El exjefe de la Oficina de Procesos Electorales (ONPE), Piero Corvetto, se salvó de ir a prisión preliminar como pedía la Fiscalía, pero su vivienda ubicada en Miraflores fue allanada ayer, en una diligencia que comenzó antes que amanezca y tenía como objetivo la incautación de laptops, celulares y documentos.
El juez de investigación preparatoria Manuel Chuyo rechazó dictar detención preliminar contra Corvetto porque considera que no hay peligro de obstaculización o fuga.
La Fiscalía y la Dirección Contra la Corrupción (Dircocor) de la Policía Nacional realizaron la diligencia por las fallas reportadas durante las elecciones del 12 de abril.

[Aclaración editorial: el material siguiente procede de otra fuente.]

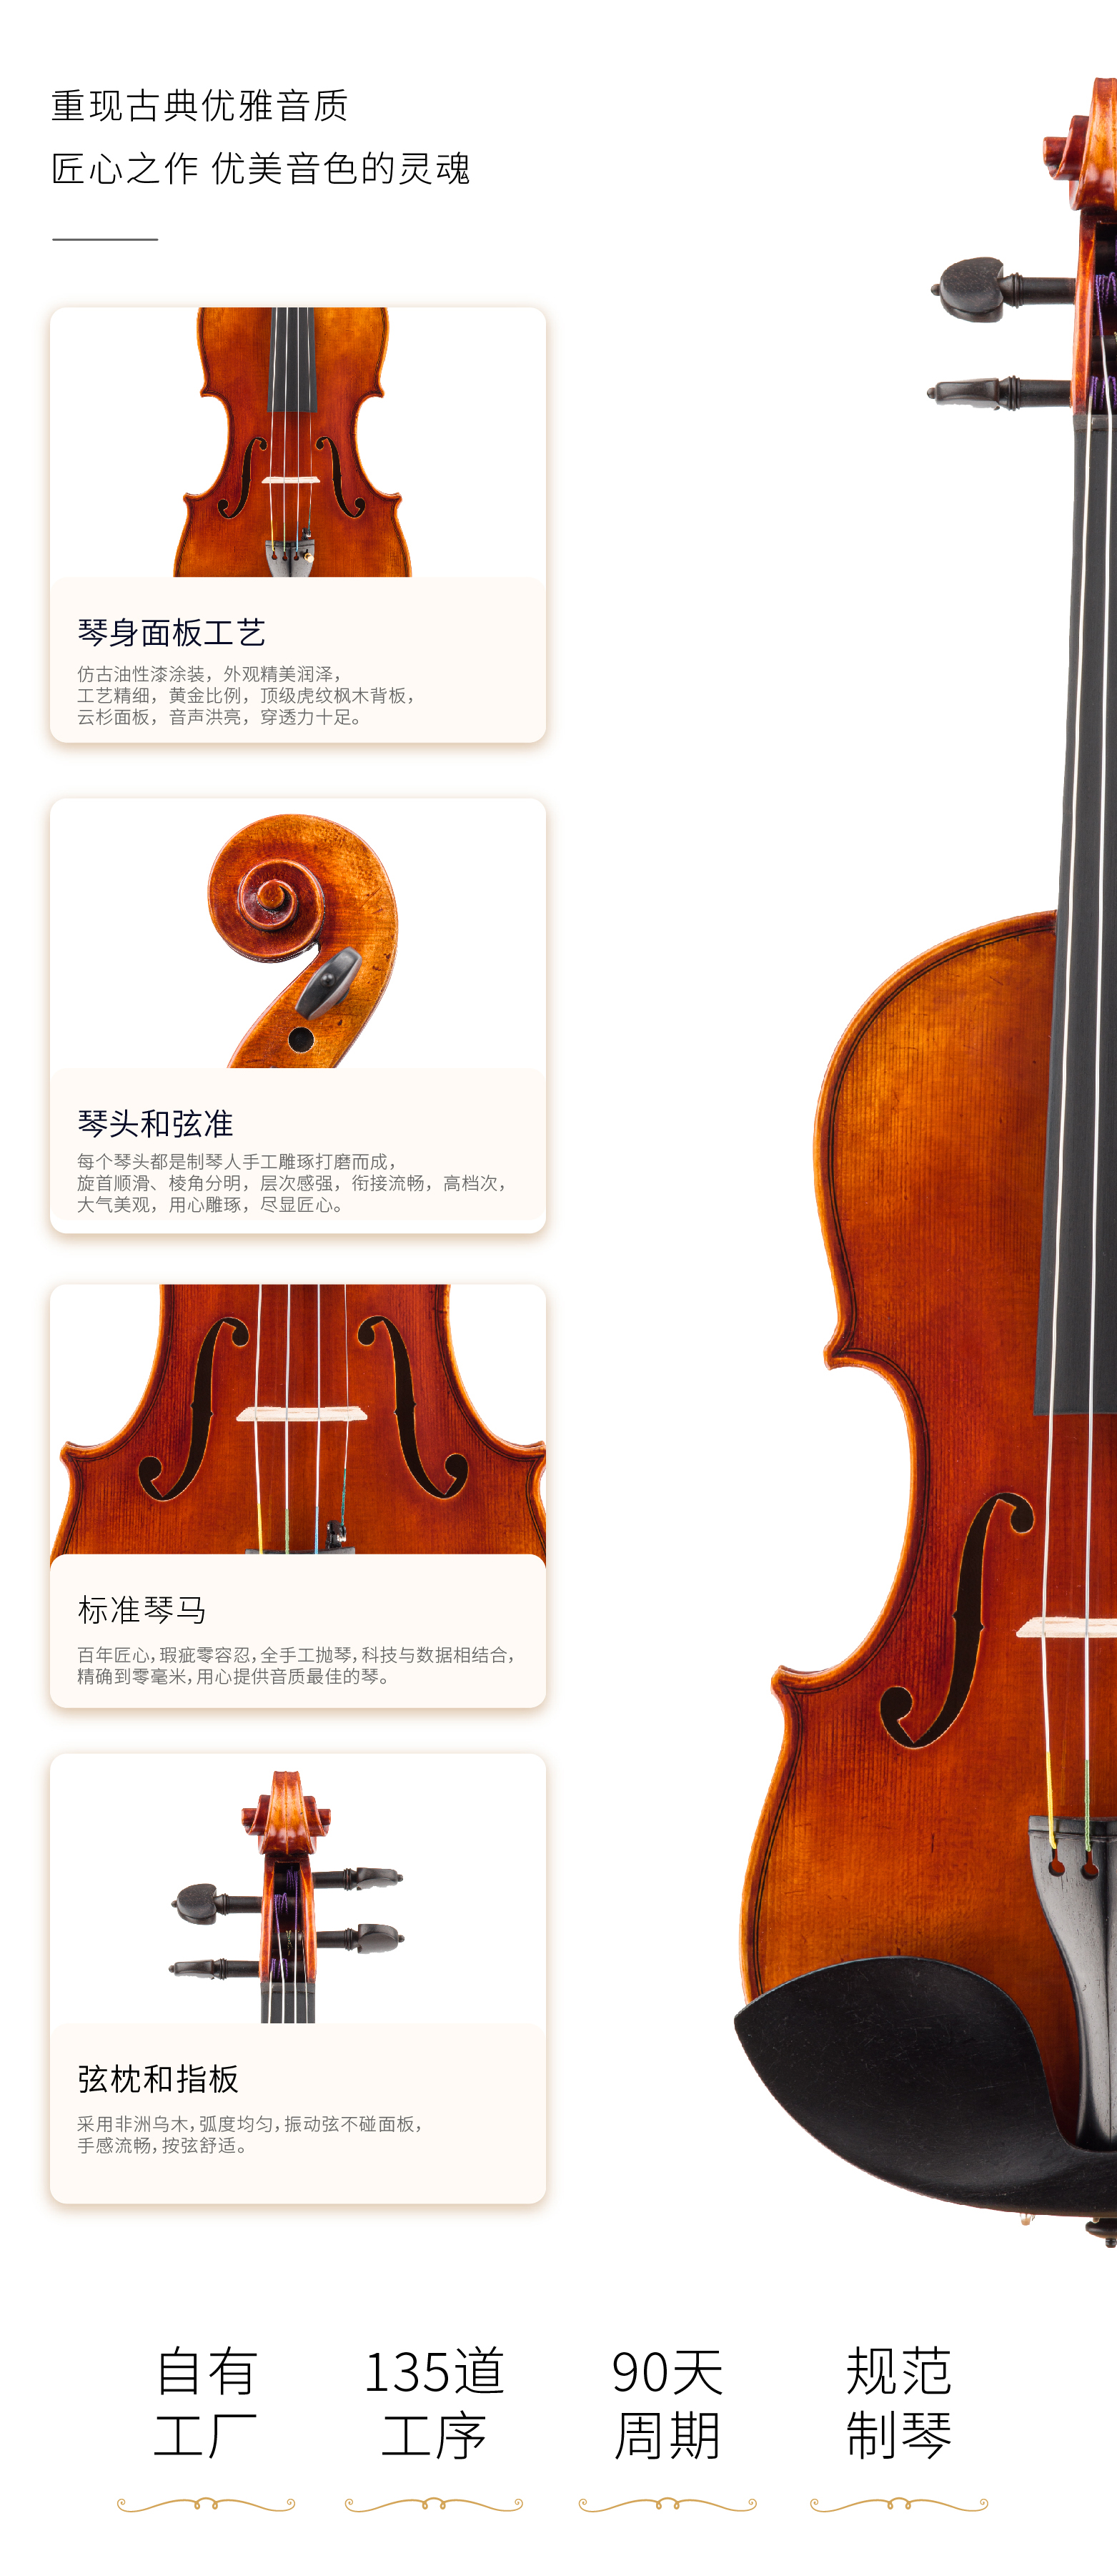 熙珑乐器专营店-详情-v1-2_SV880小提琴_07.jpg

A Corvetto se le investiga por dos delitos: colusión agravada y omisión de funciones.
En la investigación también están incluidos Juan Antonio Phang, suspendido subgerente de Producción Electoral de la ONPE; José Samamé Blas, exgerente de Gestión Electoral, y Juan Charles Alvarado, gerente general de Servicios Generales Galaga, empresa encargada de la distribución del material electoral.
En total, 12 inmuebles relacionados a los investigados fueron allanados, entre ellos el almacén de Galaga en Lurín. También los predios relacionados con Lilia Flores Banco, Juan Charles Alvarado Pfuyo e Hilda Elizabeth Otoya Alvarado, todos bajo la sospecha de colusión.
Tesis fiscal
El objetivo principal de la diligencia era la incautación de elementos que permitan corroborar la tesis fiscal sobre un presunto acuerdo ilícito para defraudar al Estado.
Según la tesis del fiscal Raúl Martínez, Samamé flexibilizó los términos para que la empresa Galaga termine ganando la buena pro. La Fiscalía también sostiene que Corvetto designó a Samamé, sin que presuntamente tenga la experiencia.
Asimismo, para el fiscal, Corvetto “concertó con el proveedor Juan Alvarado Pfuyo, gerente general de la empresa Galaga”.
Respecto al delito de omisión de funciones, se señala que Corvetto no aseguró que más de 50 mil electores votaran el 12 de abril por la no instalación de sus mesas de sufragio.
Por las puras
“La mayor parte de los elementos probatorios ya deben haber sido ocultados, declaró el abogado penalista Vladimir Padilla, al calificar los allanamientos como “una crónica de un fracaso anunciado”. “Es muy difícil que la Policía halle información útil”, dijo por su parte el abogado Carlos Caro.